Мариэтта — страница 19 из 47

Твой светлый ангел чиркнет спичкой

Зима, что жизнь промчалась электричкой.

И так дальше…

В этих стихах весь «Я». Вот это ощущение бунтующей сути живой было ей очень хорошо знакомо по себе. «А он, мятежный, просит бури, как будто в бурях есть покой!» И она сама, да и настроение моего стихотворения было таким по тональности – мятежным. А Евтушенко говорил, что «отсутствие таланта есть – невозможность мятежа». Что ж…

Некоторые мои стихи она не понимала и не принимала. Были и такие, за которые мне сегодня стыдно. Но – общения было очень и очень мало! Увы.
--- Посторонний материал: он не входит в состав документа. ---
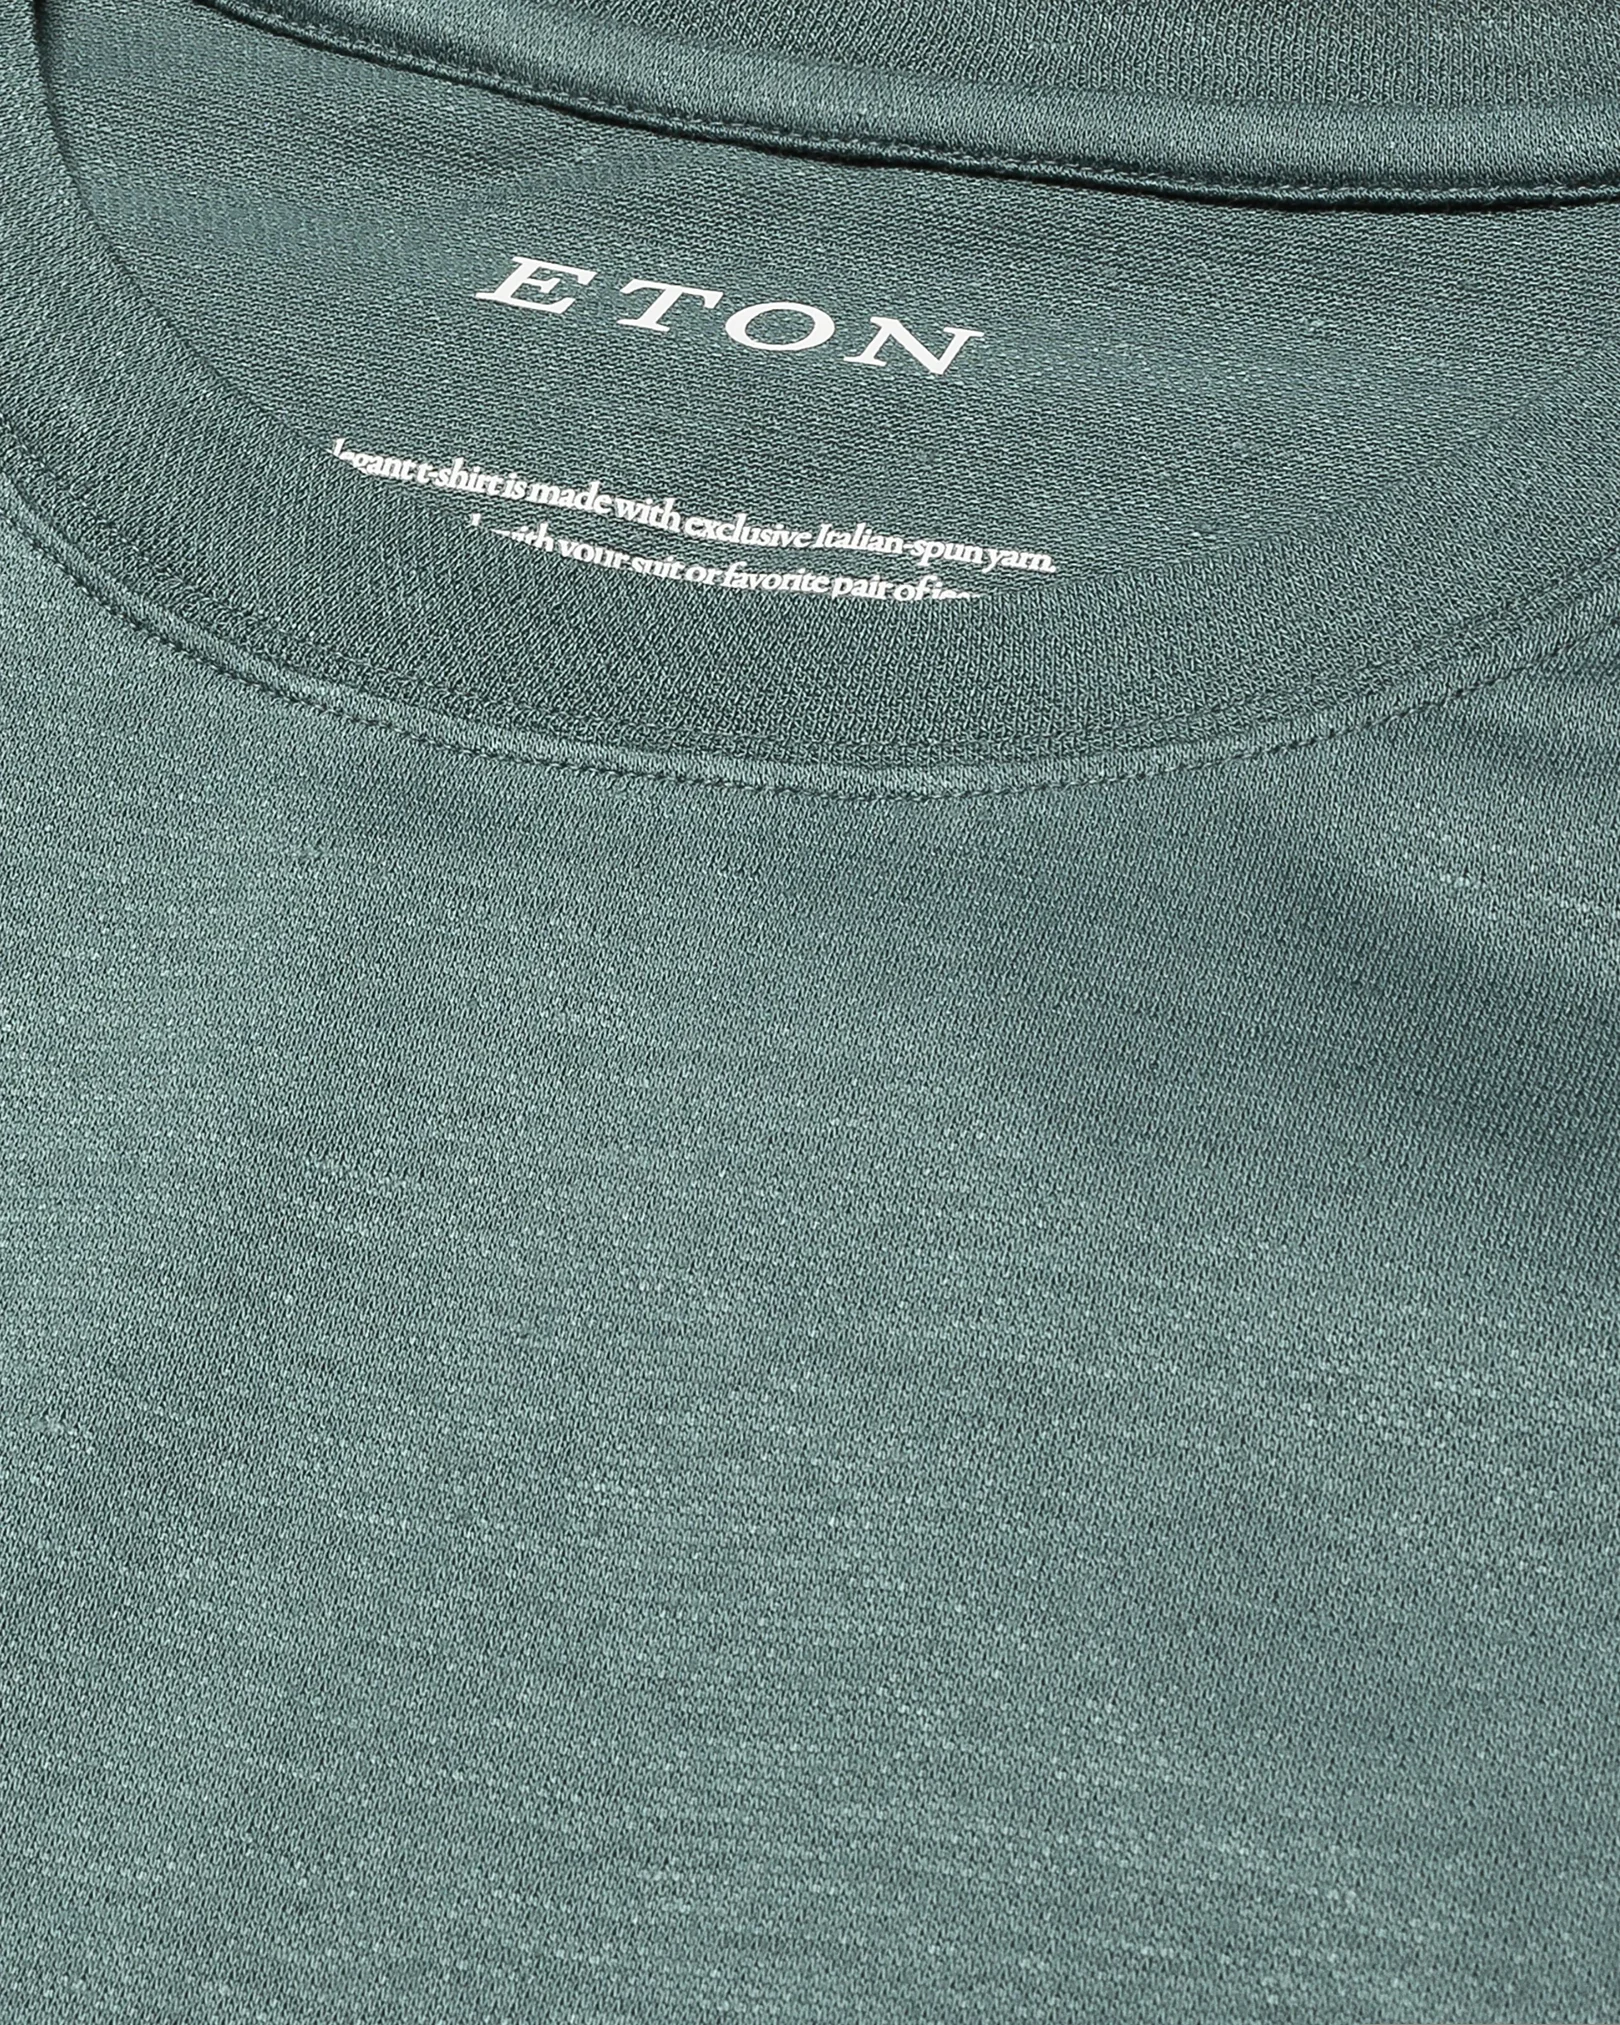 Eton - dark green pique t shirt short sleeve boxfit t shirt

Она была сложный человек с крутым нравом, но среди близких людей она была очень доброй и простой в общении.

Честная, бескомпромиссная, она жила не по законам социума, а по велению собственной души.
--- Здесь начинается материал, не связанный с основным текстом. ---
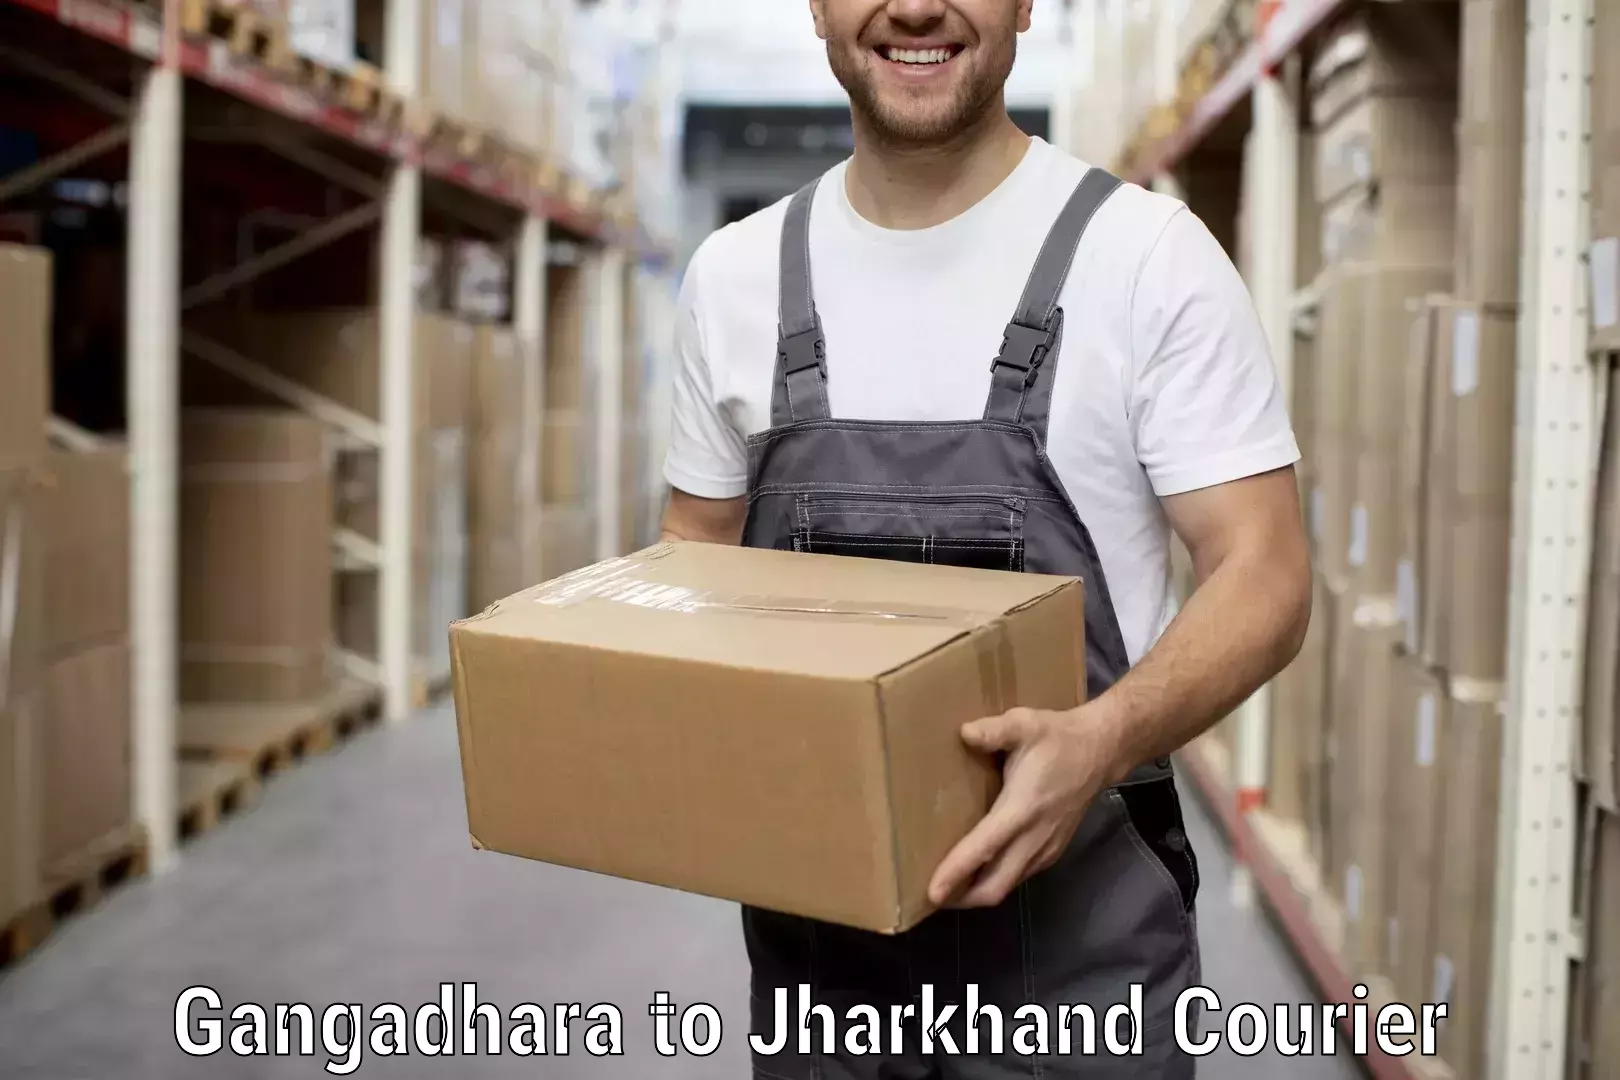 Quality moving company Gangadhara to Bagodar

Возможно, этим и объясняется ее оппозиционный настрой, ее участие в митингах. Она была активным человеком, вооруженным знаниями и желанием помогать людям верой и правдой. Гражданином!

Исследователь Булгакова, Олеши, Зощенко, Замятина, она прививала любовь к литературе следующим поколениям. Моя любовь к Булгакову и Олеше – это результат ее кропотливого разбора, ее философских и литературоведческих штудий.

Всегда было интересно слушать ее лекции: живые, яркие, запоминающиеся, как и она сама.

Я не могу сказать о ней в прошедшем времени – «была», поскольку она была, есть и будет с нами, пока жива память о ней, пока читают ее талантливые, ни на кого не похожие литературоведческие работы. Она была настоящая. Спасибо, что Мариэтта Омаровна была с нами и подавала определенный пример того, каким надо быть в России XXI века. Будем любить ее и помнить вечно.

Нина КонстантиноваАлександр Павлович Чудаков, Мариэтта Омаровна Чудакова

(Глава из книги воспоминаний)

Событием для многих ребят нашего курса и для меня лично стал Александр Павлович Чудаков, появившийся на тогдашней кафедре русского языка, говоря прозаическим языком, как почасовик, а языком несколько поэтизированным – как вдруг вспыхнувшее на небе яркое сияние. В 1971 году прошло всего два года, как умер Виноградов, а язык художественной литературы на кафедре был уже в абсолютном загоне. (Впрочем, не в особой чести он там и поныне: тлеет что-то в сырых дровишках О. Ревзиной.) И вдруг моя соседка по комнате в общежитии Таня Седова сообщает: «Я сегодня ходила на новый спецкурс к Чудакову на «Поэтику Чехова». Спецкурс, между прочим, по кафедре русского языка. Это его книжка у тебя на столе лежит, а ты все ее никак не раскроешь». – И с присущей Тане эмоциональностью был немного гнусавым голосом вынесен приговор спецкурсу Чудакова: «Потрясающе!».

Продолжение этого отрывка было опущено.